In article <1989Dec26.164103.17945 at ncsuvx.ncsu.edu> harish at ecebucolix.ncsu.edu writes:
>A lot of netters have suggested using  "rand = rand1*655536 + rand2" to
>create a uniform
>random number, where rand1 and rand2 are two uniform r.v's.  It should
>be noted that
>rand will NOT be uniform, since, if
>
>	z = a1*X + a2*Y , 
>
>then
>
>       pdf(z) = (a1*pdf(X)) *** (a2*pdf(Y)).
>
>Here *** denotes convolution, X and Y are independent random variables
>and pdf() is the probability
>density function.
>
>If pdf(X) and pdf(Y) are uniform, then pdf(z) is a trapezoid,
>degenerating to a triangular
>pdf if pdf(X) = pdf(Y), with a1 = a2.

>harish pu. hi.					harish at ecebucolix.ncsu.edu
>						harish at ecelet.ncsu.edu

I am wiling to accept your analysis for two continuous pdf's.  However, in the
case being considered here, rand1 and rand2 are uniform discrete distributions
on [0 .. 65535] (note 65535 = 2^16-1, a bit pattern of all 1s in a 16-bit
integer).  Then rand1*65536 + rand2 is the same as shifting rand1 left by
16 bits and or'ing rand2 into the lower 16 bits.  For each integer in 
[0 .. 65536^2 -1 ], there is a unique way that it can arise from this sum.
So it seems to me that P(k) = (1/65536)^2 for k in [0..65536^2-1],
because the two underlying terms each occur with P = 1/65536; therefore, it
is a uniform random distribution on the 32-bit integers.  

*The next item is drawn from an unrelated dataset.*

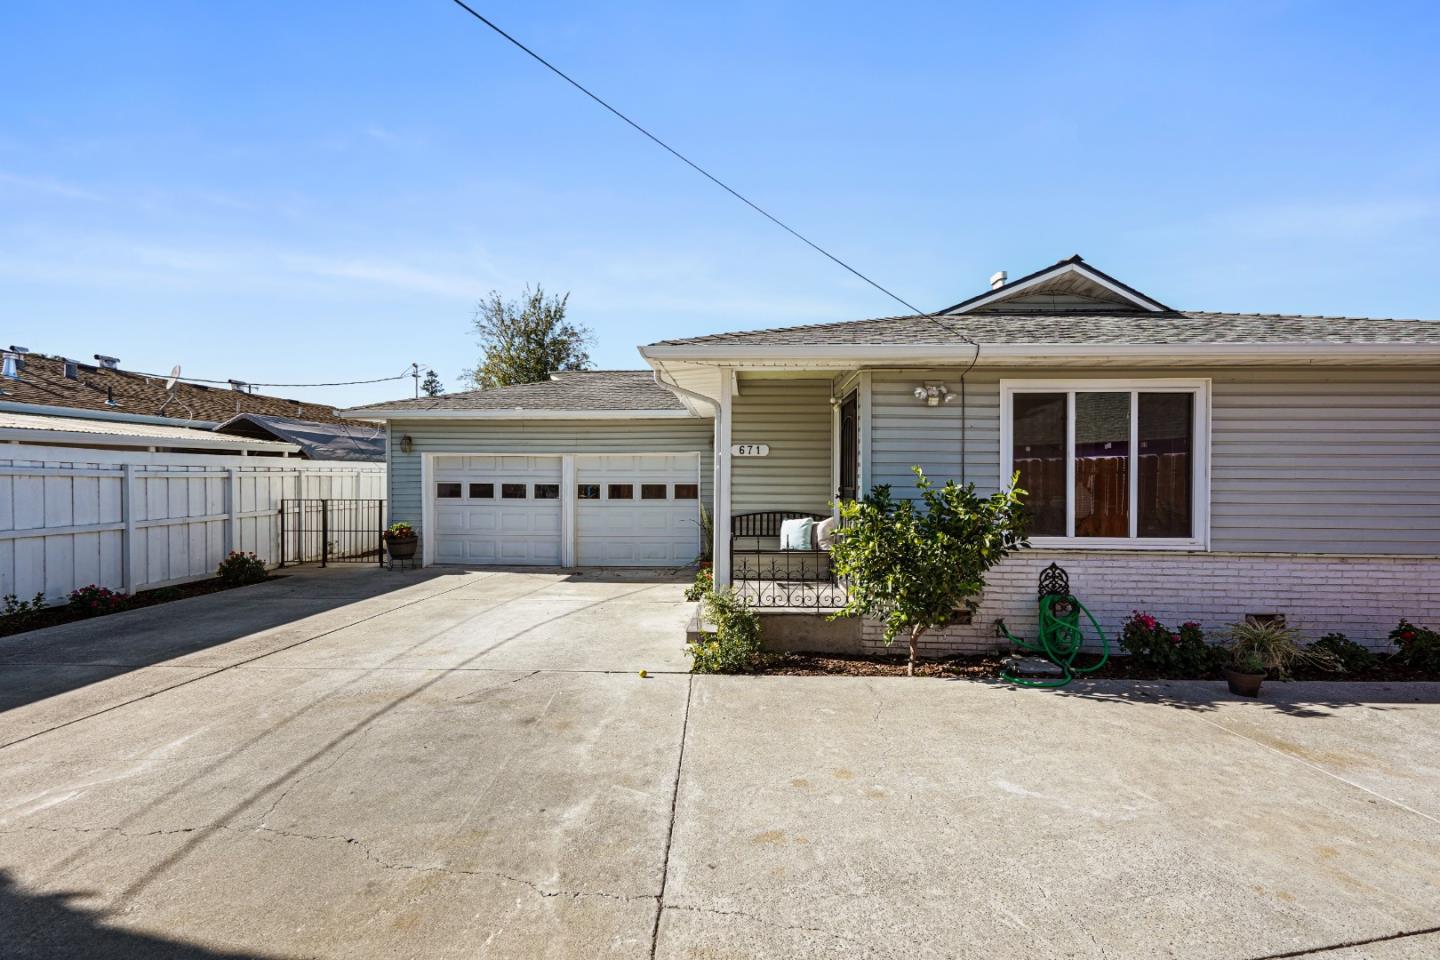 VERSATILITY ABOUNDS. This 3 bedroom 3 bathroom home has tons to offer with multiple design options. The property can accommodate two separate units, 1 bed 1 bath (669 sq. ft.) and 2 bed, 2 bath (1,115 sq. ft.) or combined to create a 3/3 at 1,784 sq. ft. The home is light filled and spacious. The bathrooms and bedrooms have been updated and lovingly maintained. Nestled at the end of a court ensures privacy and quiet, along with ample parking. Come create your perfect living space!! Just minutes to all Redwood City amenities, parks, downtown, Cal Train, HWY 101, Costco and Sigona's Market!

In general, we are looking at the very special case of two discrete 
uniform distributions on [0..n-1], and forming the new distribution
rand = n*rand1 + rand2.

Another thought:  this can be viewed not as a sum, but as picking
a coordinate in [0..65535] x [0..65535] using the two independent uniform
random variables.  The mapping from this rectangular region to [0..65536^2-1]
is 1-1 and onto, so the resulting distribution is uniform.


-- 
Tom Wilson                        wilson at uhccux.uhcc.Hawaii.Edu (Internet)
                                  wilson at uhccux.UUCP || wilson at uhccux (Bitnet)